Johnston et al.studied the effect of climate change on harp seals in three ways.  They examined the differing sea ice levels in the Gulf of St. Lawrence with neonatal mortality rates in harp seals in the Northeastern US. The authors linked NAO conditions to differing sea-ice levels and did a retrospective cross-correlation analysis of NAO conditions and sea ice in two breeding regions of harp seals. Lastly they showed the relationship between NAO conditions and sea ice by doing linear multiple regression models that accounted for short-term variation in ice driven by the NAO.  In order to link reductions in sea ice cover and seal mortality the scientists used mortality data for dead harp seals and compared that with sea ice cover data from the Gulf of St. Lawrence during the same time period. For the retrospective analysis of NAO conditions and sea ice the authors looked at two breeding regions of harp seals, the Gulf of St. Lawrence and White Sea region. The authors compared these two areas within a retrospective assessment of published harp seal neonatal mortality data. They conducted a wider investigation using two addition breeding regions from Newfoundland and the Greenland Sea. This second investigation was used to assess longer-term trends in sea ice cover across the entire North Atlantic.  Johnston et al. used sea ice data obtained from the National Sea Ice Data Centre and NAO data from the National Center for Atmospheric Research.

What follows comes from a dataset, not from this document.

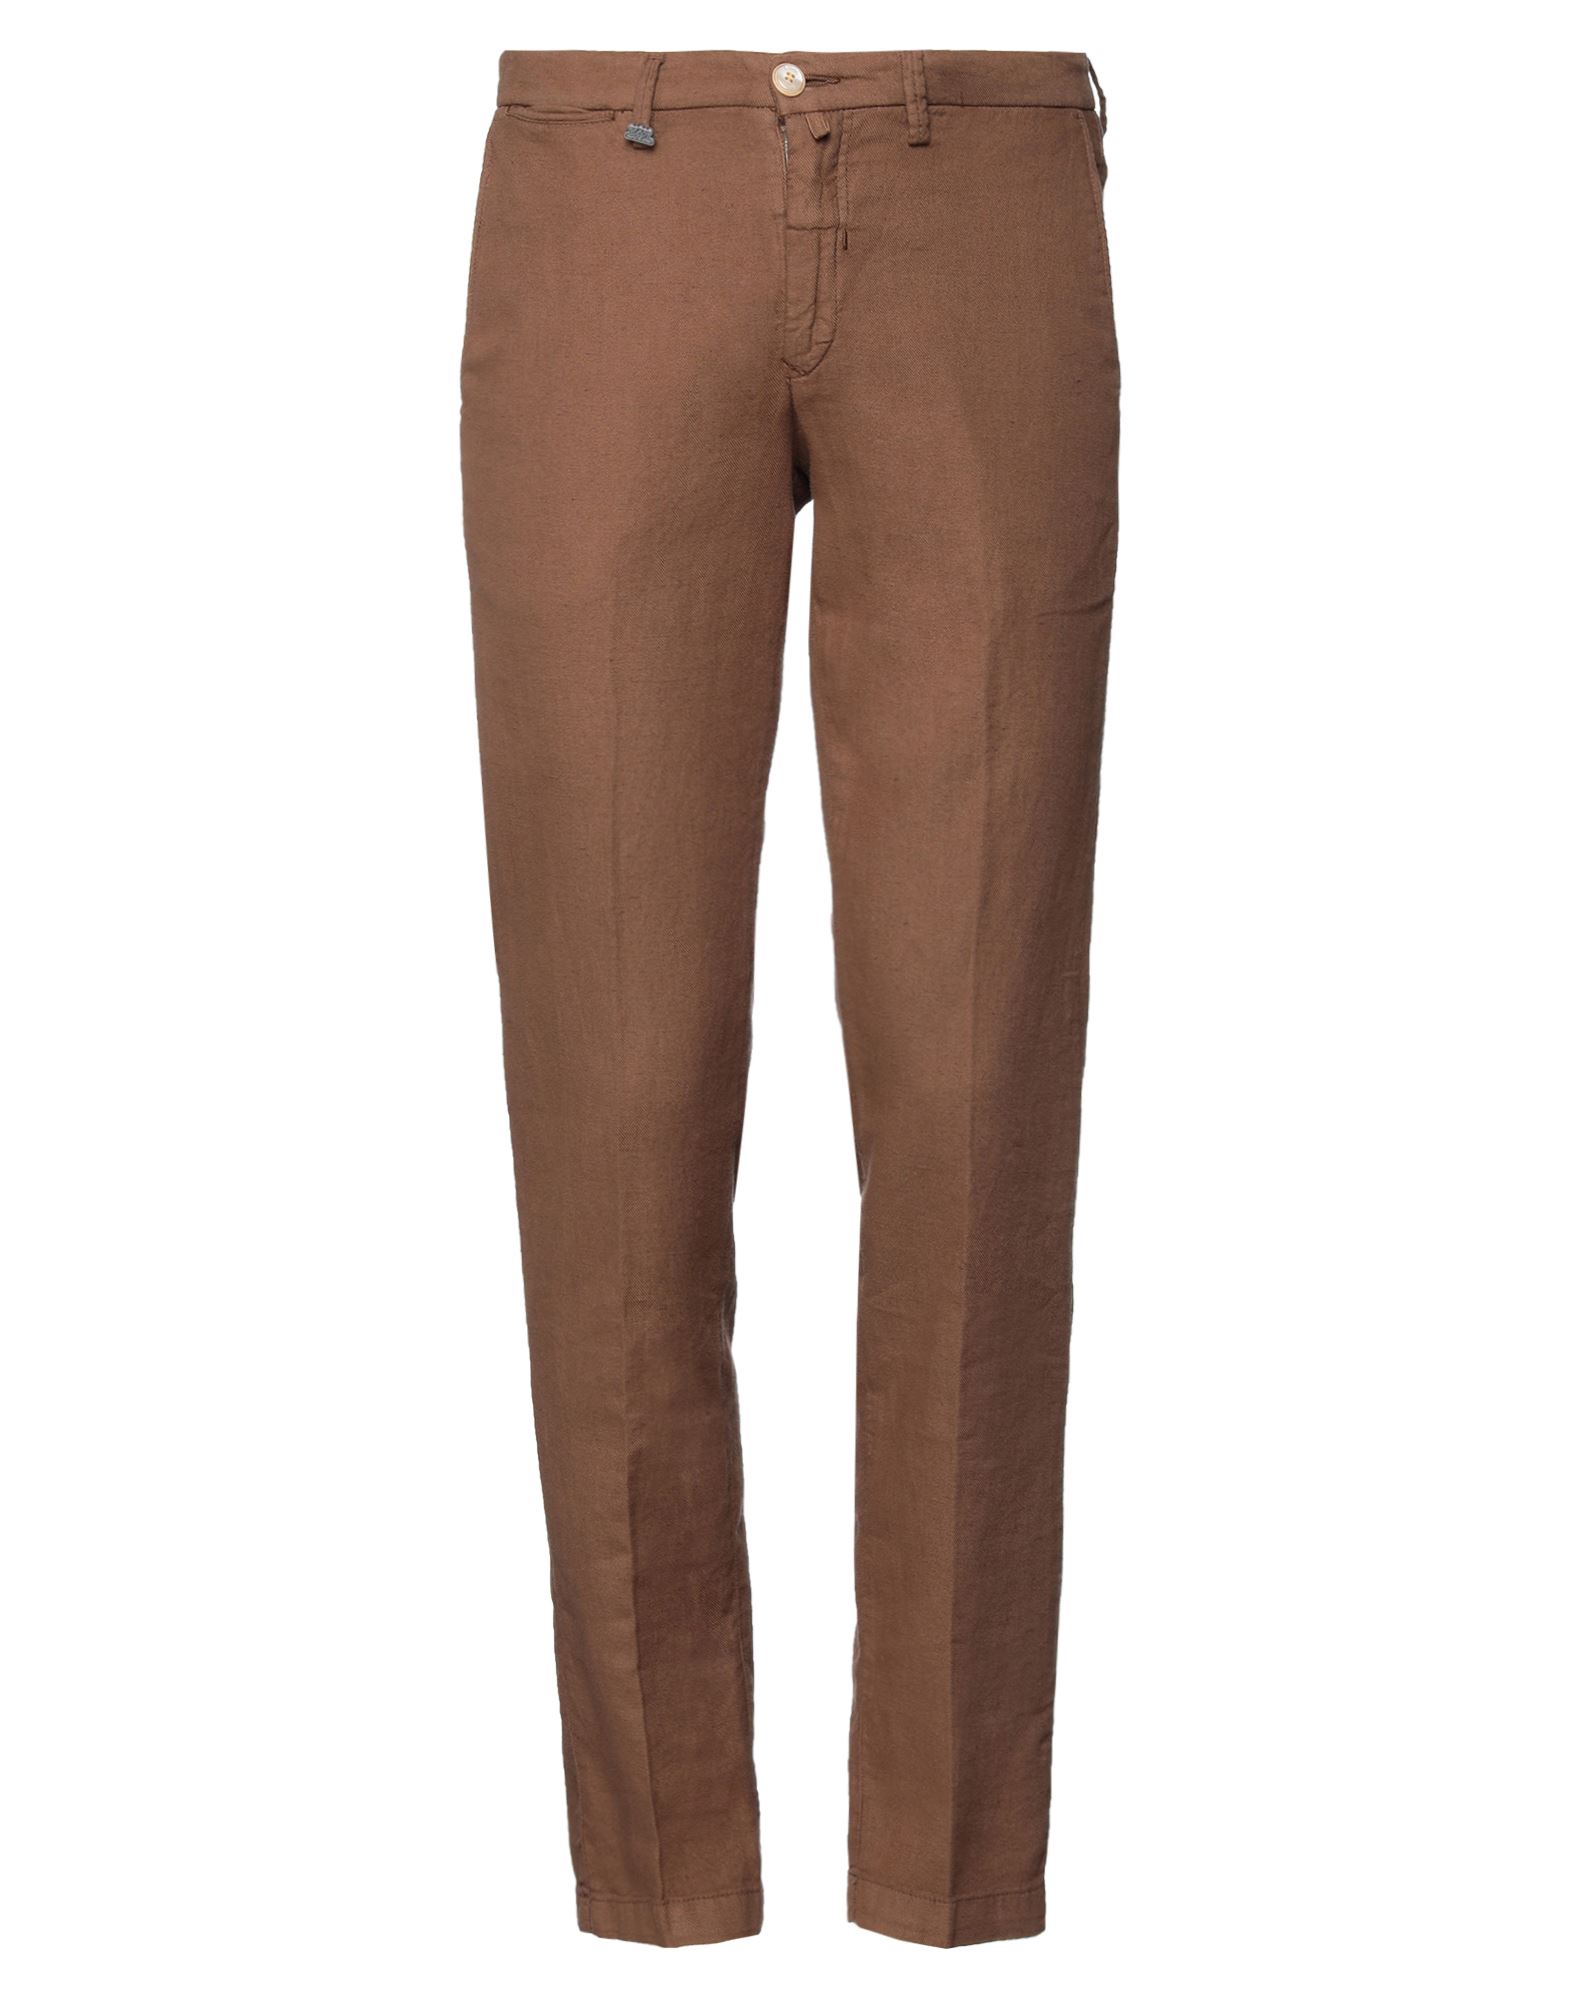 Shop Barbati Man Pants Brown Size 28 Cotton, Linen, Elastane

            The results showed that sea ice and seal mortality were significantly correlated.  Lighter ice conditions were linked with increased numbers of stranded dead seals. The regression model between NAO data and seal mortality showed a similar relationship. Breeding regions in the White Sea and the Gulf of St. Lawrence showed significant differences in sea ice cover and NAO data. In the White Sea heavier ice coverage was seen during negative NAO periods and lighter ice coverage was seen during positive NAO periods. The western North Atlantic ice conditions were opposite with heavier ice coverage during positive NAO periods and lighter ice coverage during negative NAO periods. The results from their mixed effects models revealed a statistically significant annual decline of sea ice cover in all four breeding regions, regardless of variation in NAO conditions.
            The negative relationship between sea ice coverage and seal mortality rates shows how climate change is having an impact on seal populations. The scientist’s regression revealed that an increase in first year mortality occurred in years with lighter sea ice coverage and lower NAO index values. This also shows how the NAO determines sea ice dynamics in harp seal breeding regions. The retrospective analysis of NAO conditions revealed that the NAO was consistently negative in light ice conditions in the Northwest Atlantic, and in years with less ice coverage the harp seal populations decreased significantly. The Northeast Atlantic breeding regions are out of phase with the NAO and the NAO was positive in times of decreased sea ice, years with decreased seal populations correlated to positive NAO indices and lower sea ice levels. The fluctuations of harp seal populations over time corresponds to increases and decreases in sea ice as well as the NAO indices, showing how climate change directly impacts sea ice levels, which then disrupt harp seal reproduction. The authors found that the ice cover in the breeding habitats for harp seals has been declining since 1979, and along with this the harp seal’s yearly mortality rate has gone up since 1979. Johnston et al. conclude their paper by stating that harp seals could be a vulnerable species in the future. The authors state that the harp seals are well suited to deal with natural shifts in climate however the cumulative effects of human influences such as hunting and global warming could put them at a higher risk. Other artic seal species could be at risk as well sharing many of the characteristics and breeding regions of the harp seal.